* _What is being asked_
Nothing after the line with "Statistisches Jahrbuch der" belongs in the copy; extract the lines below from the top through that line, pictures left out.

* _Dataset records_
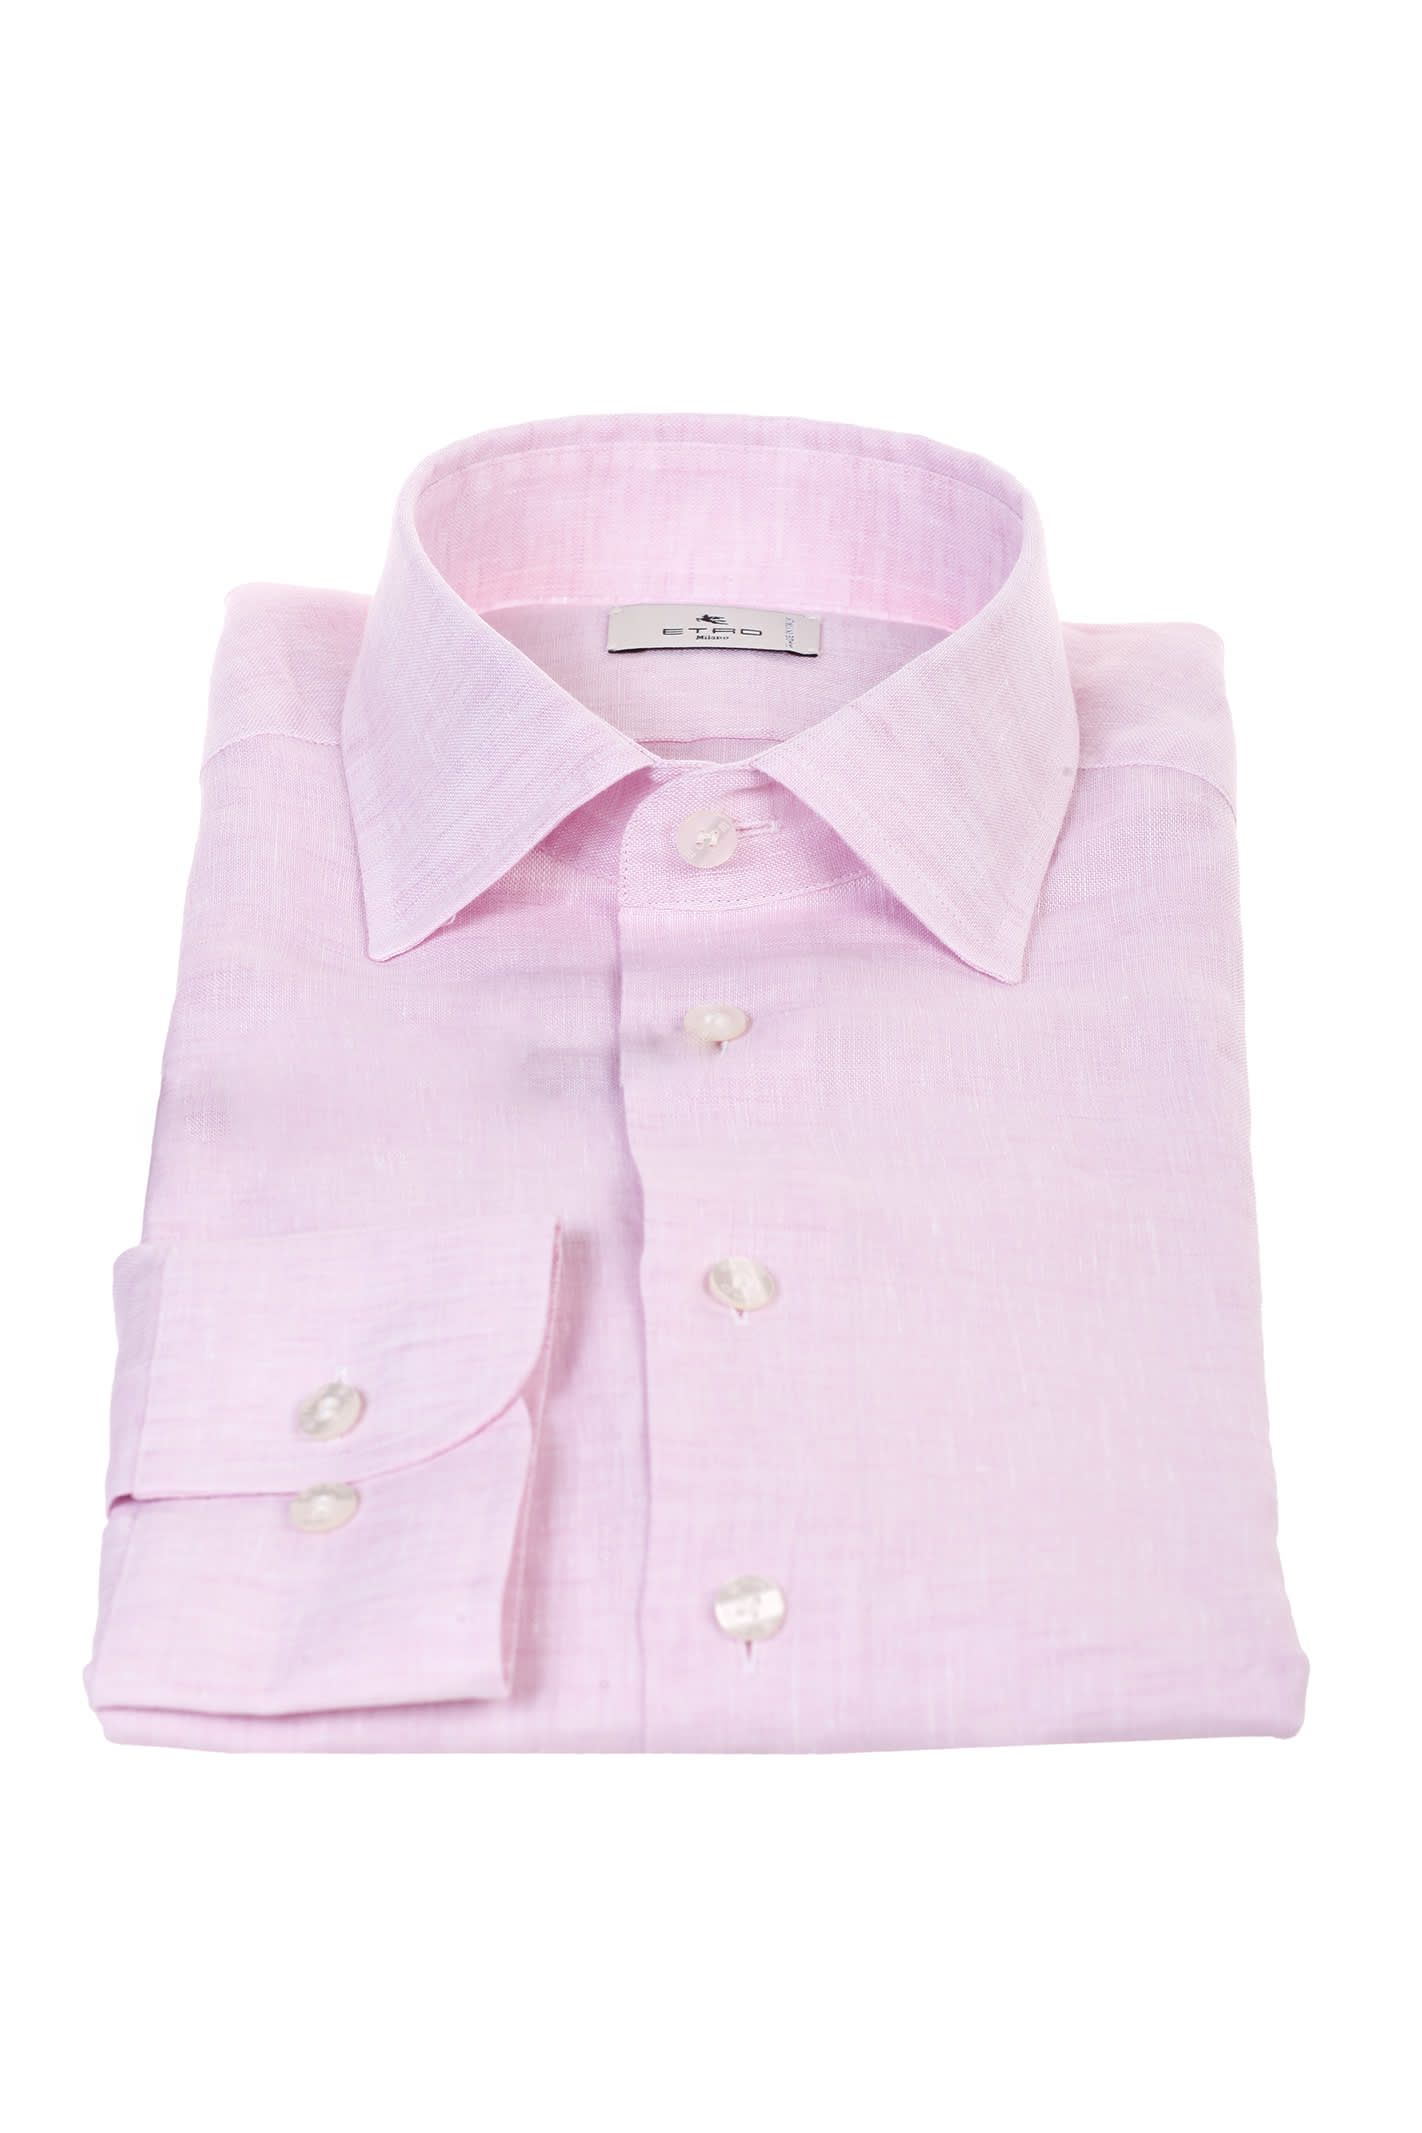 Etro pink linen shirt
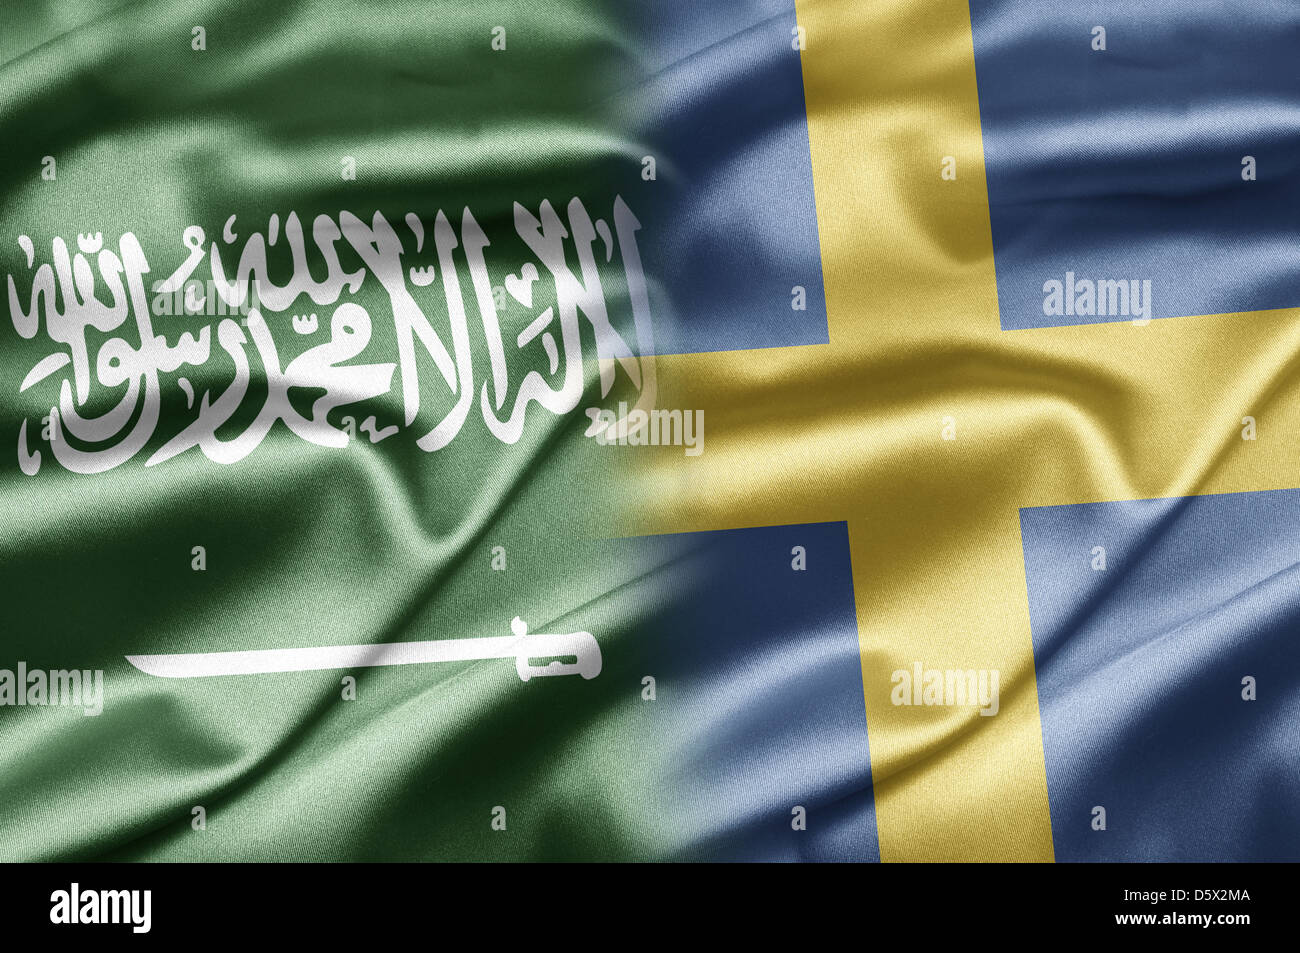 Saudi Arabia and Sweden Stock Photo
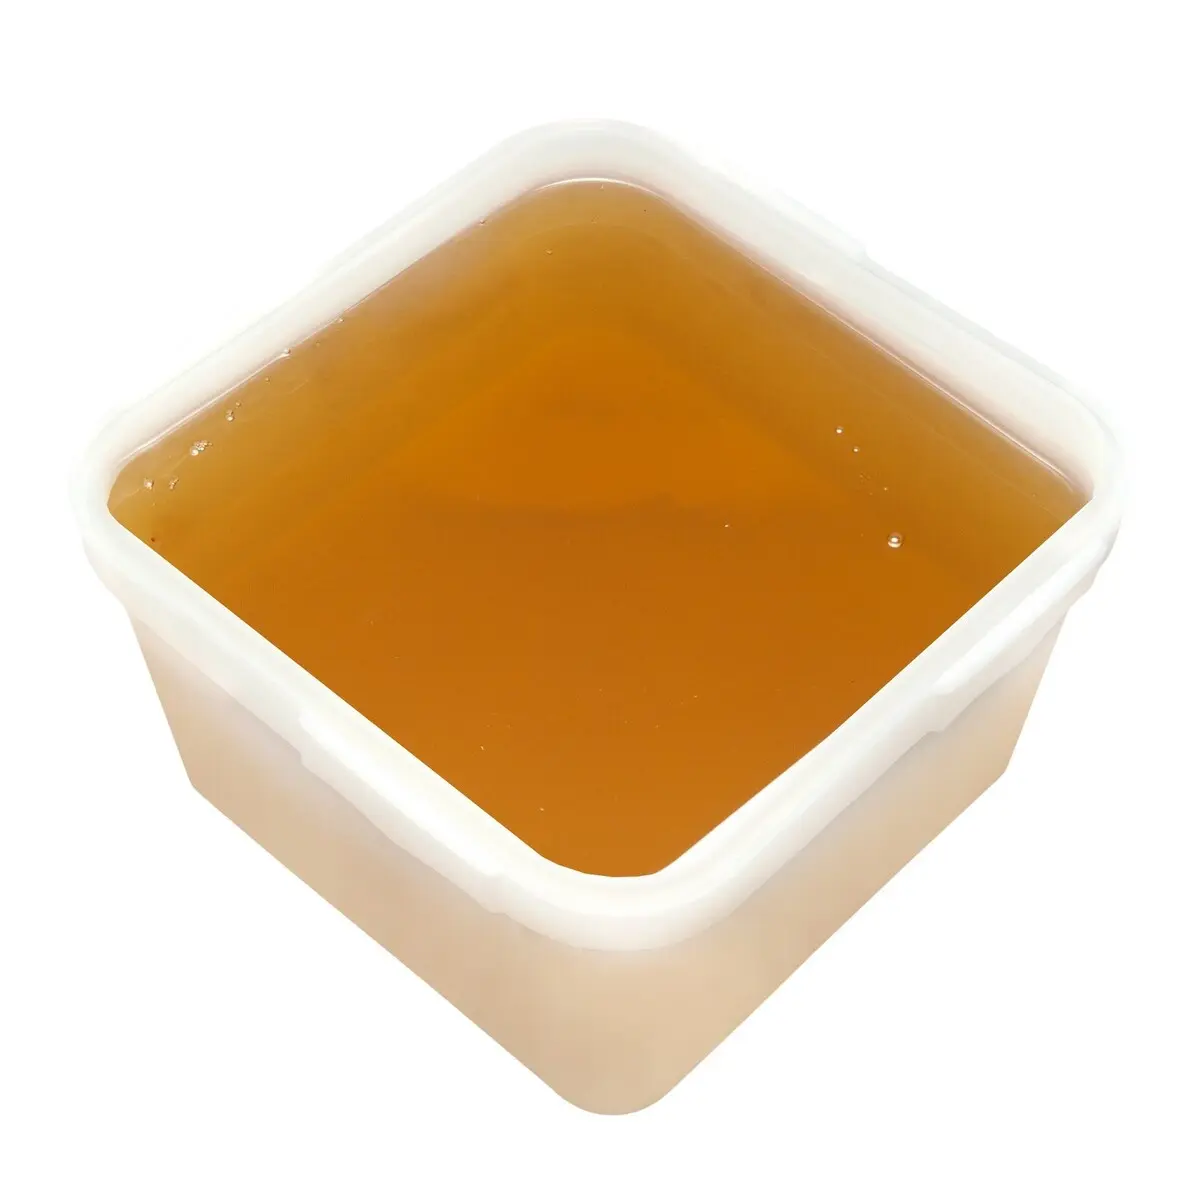 Мед липовый (ВЕС: 700 гр)
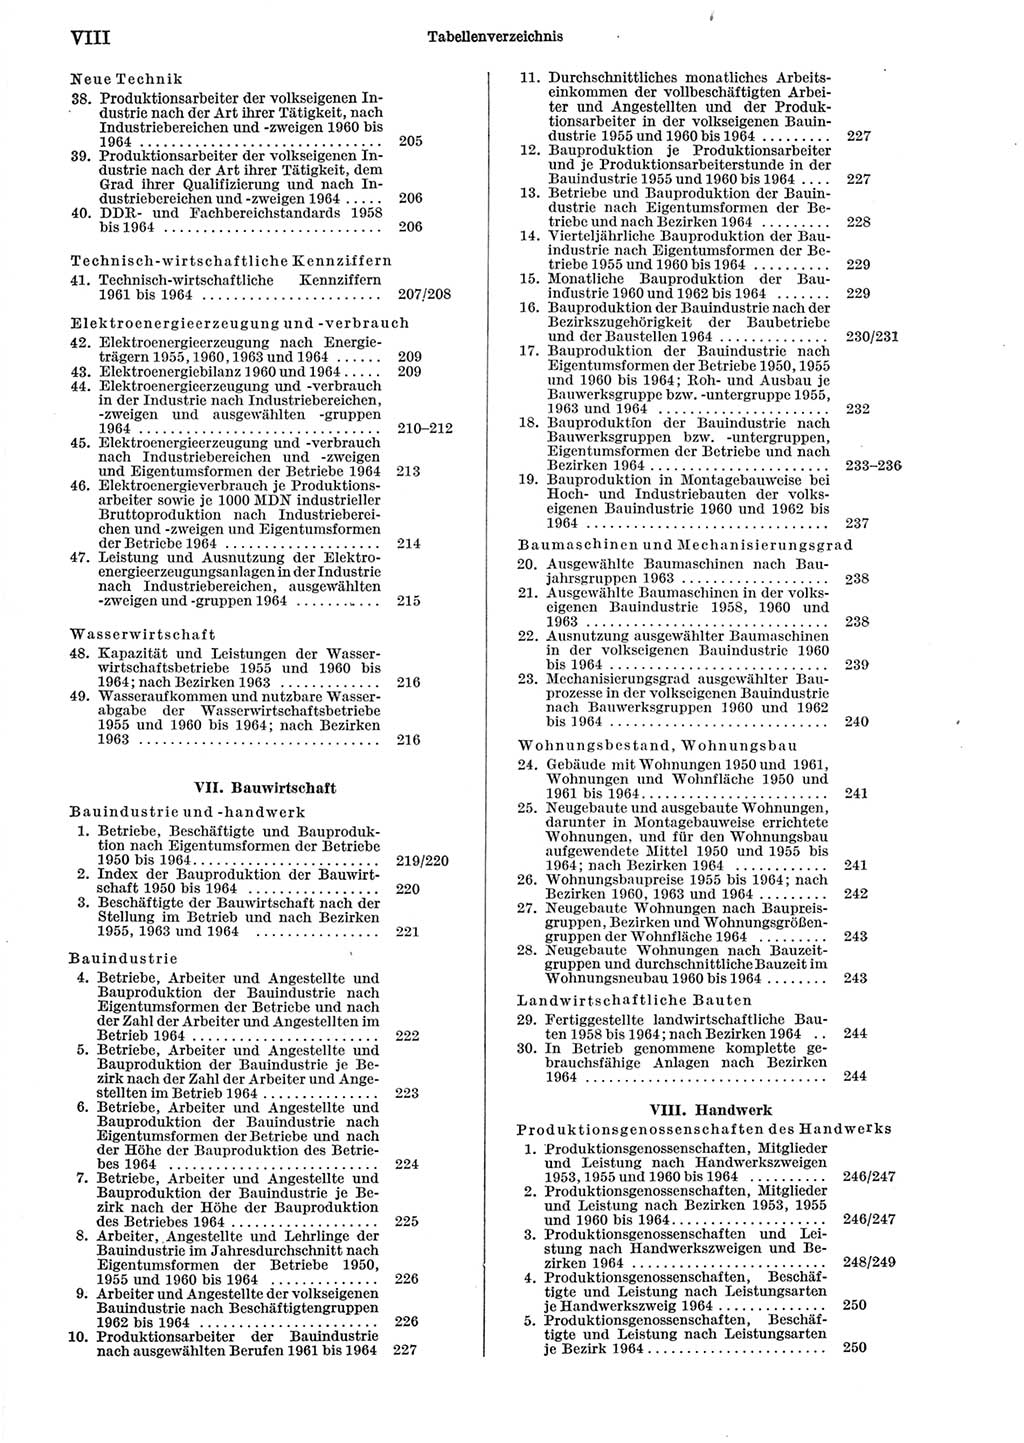 Statistisches Jahrbuch der Deutschen Demokratischen Republik (DDR) 1965, Seite 8 (Stat. Jb. DDR 1965, S. 8)
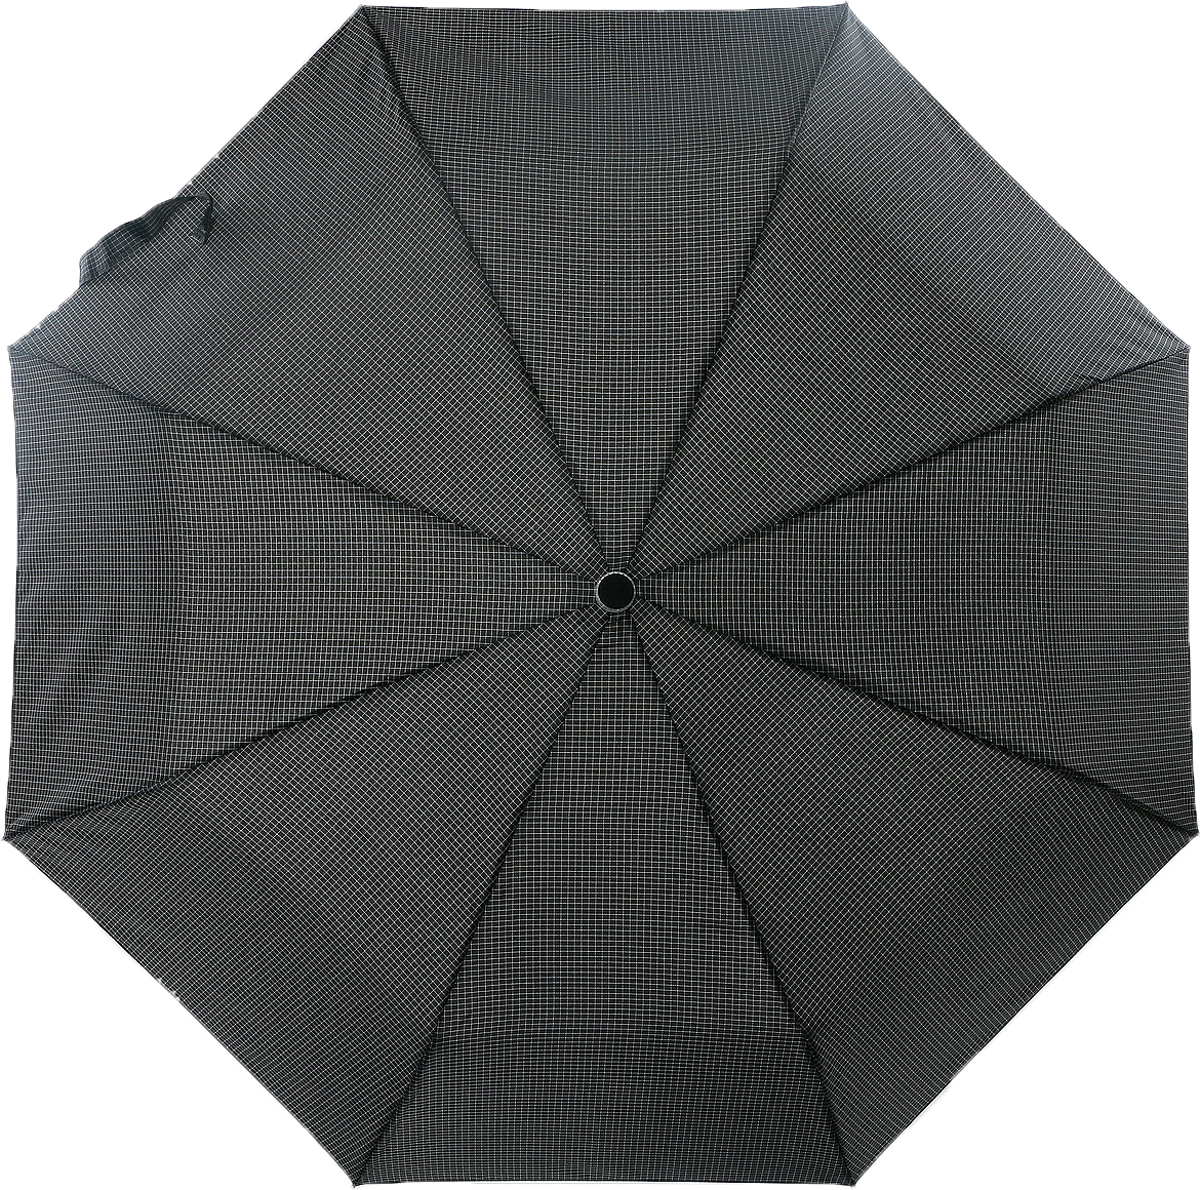 Зонт мужской Magic Rain, автомат, 3 сложения, цвет: черный, белый. 7022-1704

* _Exercise output_
 Etro pink linen shirt
 Saudi Arabia and Sweden Stock Photo
 Мед липовый (ВЕС: 700 гр)
 Statistisches Jahrbuch der Deutschen Demokratischen Republik (DDR) 1965, Seite 8 (Stat. Jb. DDR 1965, S. 8)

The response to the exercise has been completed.